Publication year - 1997
Publication title -
muscle and nerve
Language(s) - English
Resource type - Journals
SCImago Journal Rank - 1.025
H-Index - 145
eISSN - 1097-4598
pISSN - 0148-639X
DOI - 10.1002/(sici)1097-4598(199702)20:2<179::aid-mus7>3.0.co;2-9
Subject(s) - amyotrophic lateral sclerosis , isometric exercise , medicine , compound muscle action potential , cardiology , physical medicine and rehabilitation , motor unit , electromyography , grip strength , physical therapy , disease , anatomy , electrophysiology
The following data were obtained on 21 amyotrophic lateral sclerosis (ALS) patients, aged 36–76 years (mean: 58 years), at baseline and months 4, 8, and 12: thenar motor unit number estimate (MUNE) using multiple point stimulation, mean thenar surface‐recorded motor unit action potential negative‐peak area, thenar compound muscle action potential amplitude, isometric hand grip strength, total Medical Research Council (MRC) manual muscle testing score, Appel ALS rating scale, and forced vital capacity (FVC).
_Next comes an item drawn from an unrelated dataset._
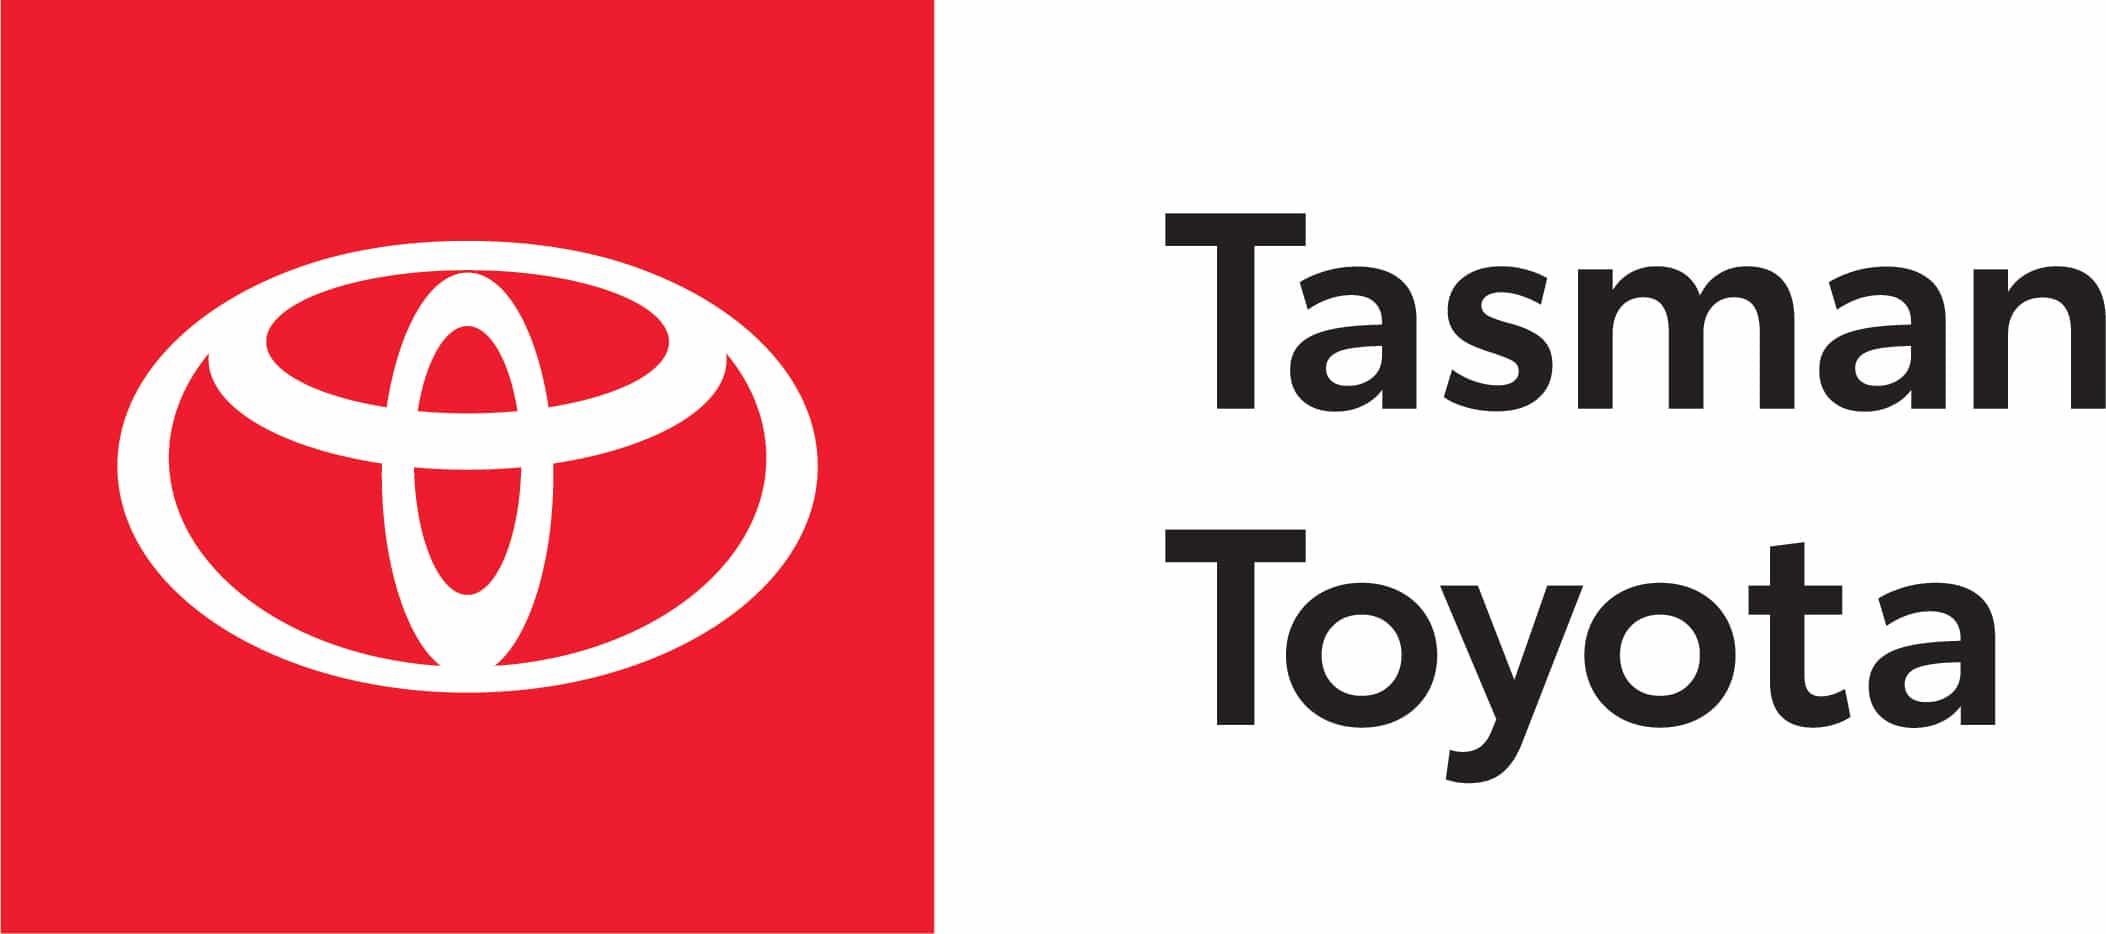 Tasman Toyota Horizontal - CMYK

The absolute mean rate of change per month was significantly greater ( P < 0.01) for MUNE values than for MRC and FVC values in the 21 ALS patients. In a subset of patients ( n = 6) with slowly progressive disease, the absolute mean rate of change per month was significantly greater ( P < 0.01) for MUNE values than for all other test values. In addition, MUNE values were the most sensitive index for documenting changes in disease progression over time. © 1997 John Wiley & Sons, Inc. Muscle Nerve , 20, 179–185, 1997.